Вид у него был комический — свой роскошный берет он потерял в полете, волосы были растрепаны, знаменитый вельветовый сюртук порван и помечен пятнами грязи. Тем не менее глаза его сияли.
— Мы все-таки добрались! — воскликнул он. — Позвольте, я провожу вас. Ламмергейеры уже известили о нашем прибытии.
Они не спеша пересекли благоухающую лужайку, направляясь к подъемному мостку.
Все здесь дышало красотой. Разрушенный город, казалось, изначально был построен так, чтобы оставить место и зеленому царству: даже на мостике росли цветы. В этом кажущемся бездумным буйстве природы, в остатках творений, созданных людьми, угадывался тонкий расчет, безукоризненный вкус, способный насытить душу человека тем, без чего он не может жить. Распахнутые, подернутые легкой дымкой дали, размеченные стволами одиноко растущих деревьев; редкий светлый лесок поодаль, пойменные луга, излучина реки, и рядом — питающие память и думы развалины, чье безнадежное запустение было скрашено пологом одолевших камни плюща и мха, изобилием цветов — самых простеньких, полевых, — создающих ту необходимую пестроту, без которой устают глаза, а в мысли проникает отчаяние. Но и в пестроте была соблюдена мера — никакую линию, никакой пейзаж здесь нельзя было назвать центральными, ни с какой точки невозможно разом охватить окрестности. Если здесь что и отсутствовало, так это чрезмерность… Все естественно чередовалось, согласовывалось, посвечивало и позванивало в стройном тихом хоре.
У ворот башни их никто не встретил, никто не пожелал здоровья. Нигде не было примет человеческого жилья. Узун тем не менее уверенно шагал вперед, и Харамис, поспешая за ним, не уставала удивляться. Взгляд девушки без конца натыкался на резные рухнувшие карнизы, персты мраморных колонн, остатки стен, украшенных искусными барельефами; удивительной красоты мозаичный пол то тут то там выглядывал из-под густой травы. Они миновали полуразрушенный фонтан, обвалившуюся гигантскую арку, опоры которой были увиты диким виноградом… Башня, возле которой приземлились птицы, осталась далеко позади. Наконец Узун свернул в короткий тупичок и остановился у двери из полированного черного дерева, выглядевшей, в отличие от остального, совсем новой, с хорошо смазанными петлями, блестящими металлическими накладками к щеколдой из золота. В центре створа располагался резной медальон, снабженный платиновыми вставками. Собственно, это было изображение Черного Триллиума.
— Здесь она и живет, Великая Волшебница Бина, — подал голос Узун. — Войти сюда имеешь право только ты. — С этими словами он поклонился принцессе и сделал шаг назад.
Харамис колебалась.
— Но… ты должен сопровождать меня.
— Нет, моя принцесса, я подожду вас у порога.
Девушка наконец решилась.
— Хорошо, будь что будет.
Она собралась с силами, робко позвонила в золотой колокольчик, и дверь сразу же мягко и бесшумно отворилась. Принцесса шагнула через порог.

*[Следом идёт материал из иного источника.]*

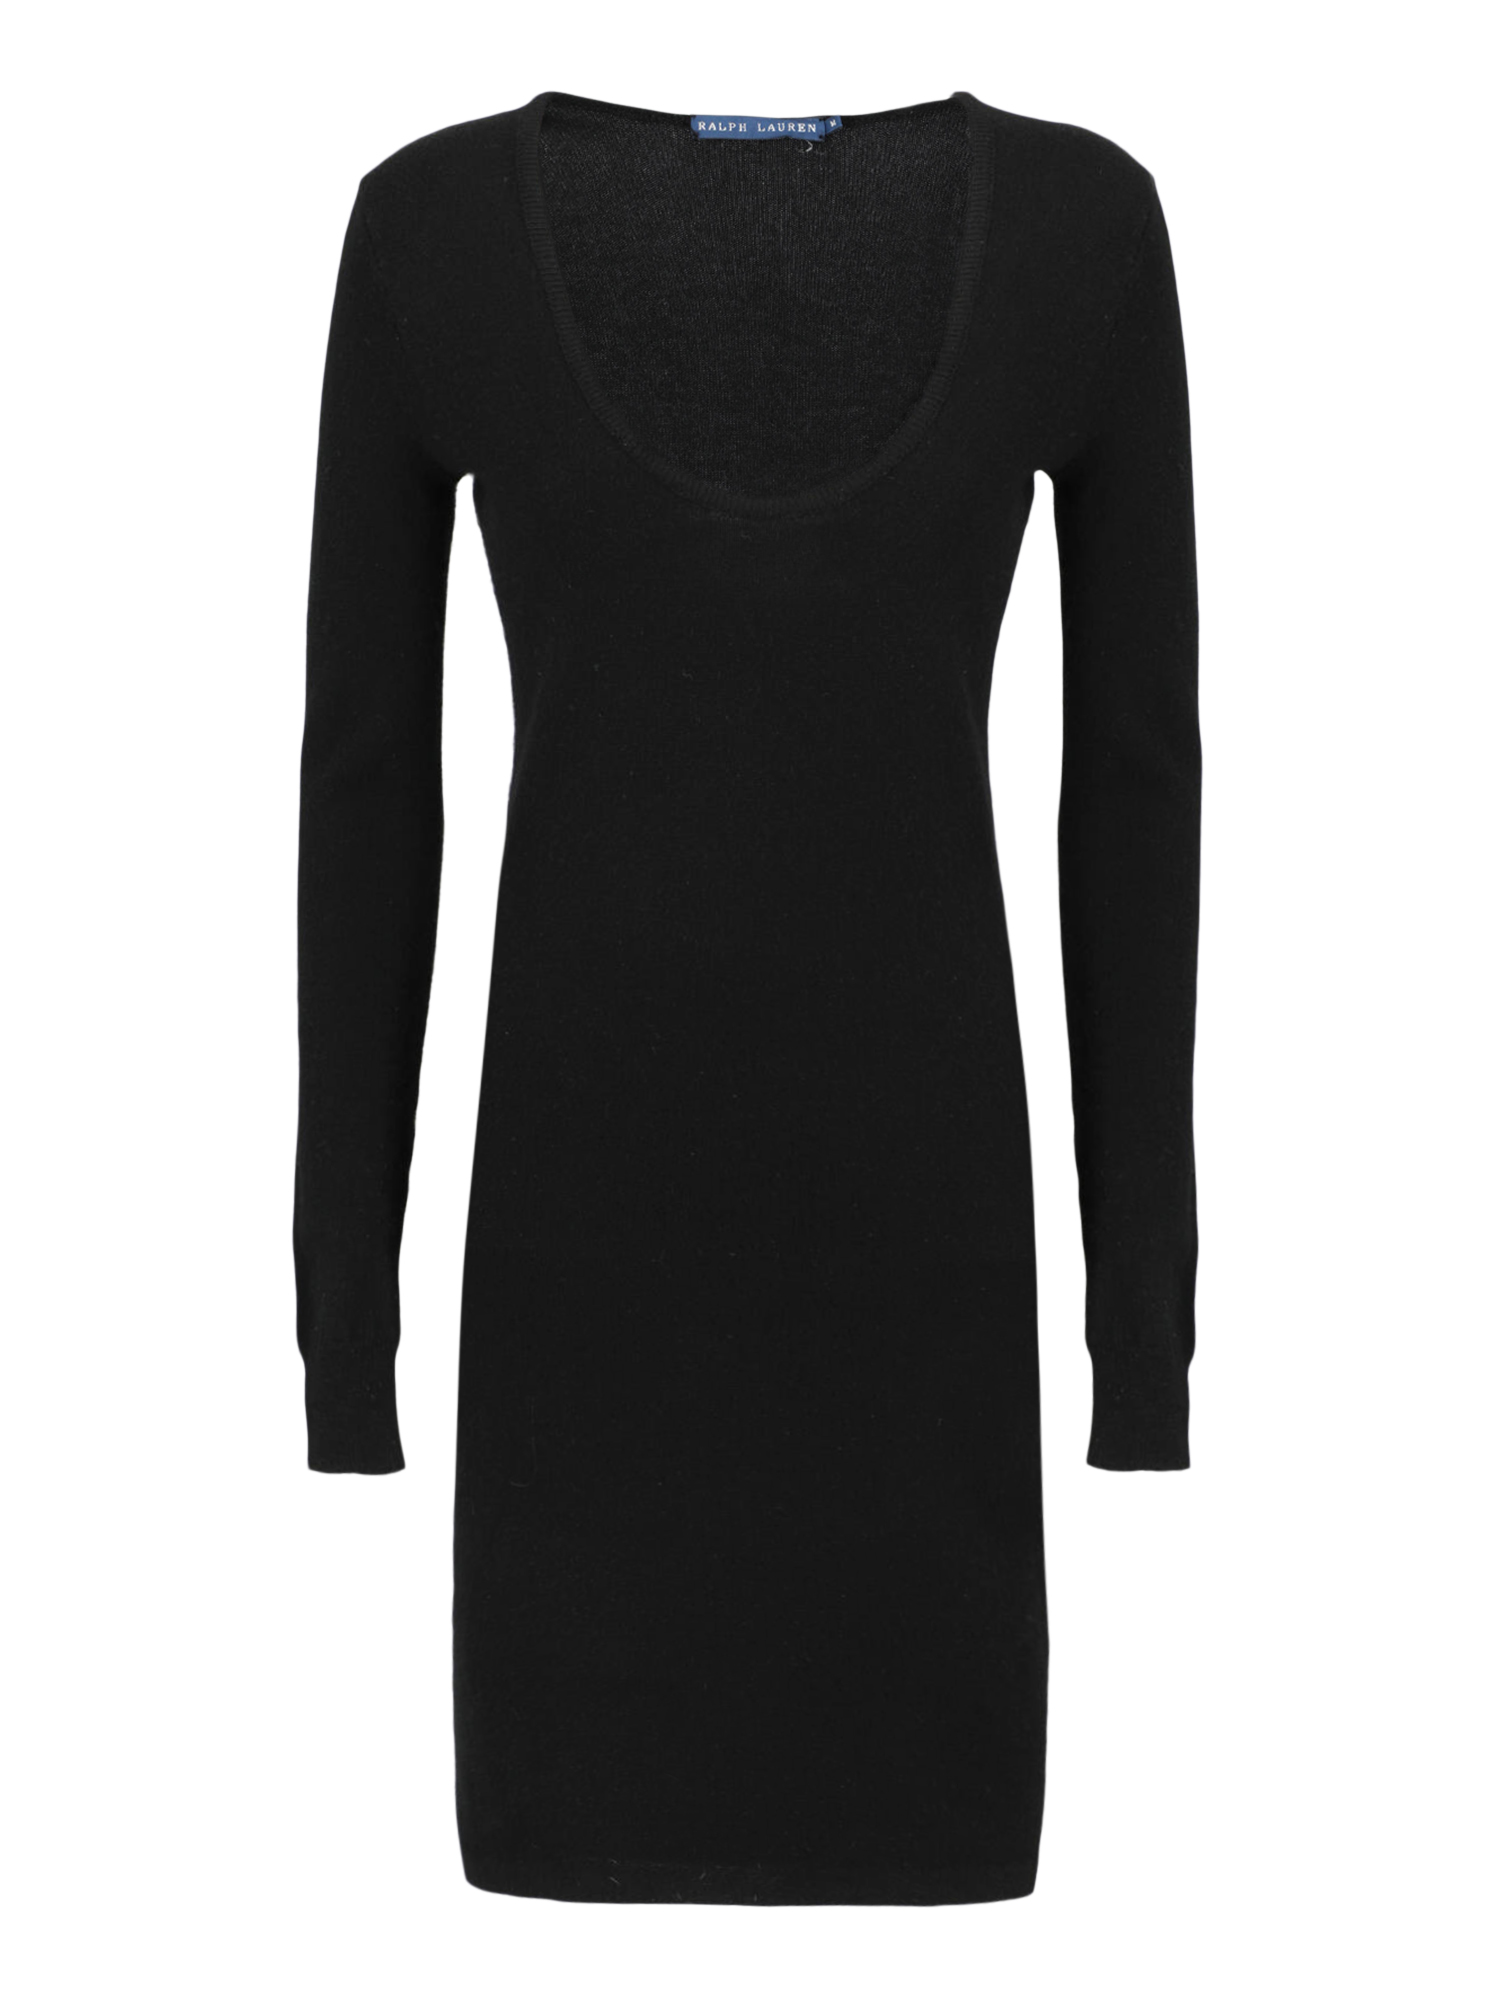 Robes Pour Femme - Ralph Lauren - En Wool Black - Taille:  -

В комнате отсутствовали окна, было сумрачно и жарко. Помещение было тесно заставлено мебелью, контуры предметов расплывались в полумраке. Массивный буфет, стенные шкафы и книжные полки, столы, заставленные непонятными приспособлениями, обитые цветным войлоком табуретки и лавки. У противоположной стены — огромная кровать под темно-вишневым балдахином. В стенной нише устроен очаг, там плясали робкие язычки пламени, перед очагом — украшенный резьбой столик. На нем столовый прибор для одного человека… Посуда была из хрусталя, ложка, вилка и нож поблескивали позолотой. Еда в тарелках источала пар и необыкновенно вкусный аромат. Здесь же на столике стояли графин с вином и лампа — опаловое стекло нежно просвечивало. По обе стороны располагались два кресла с резными подлокотниками.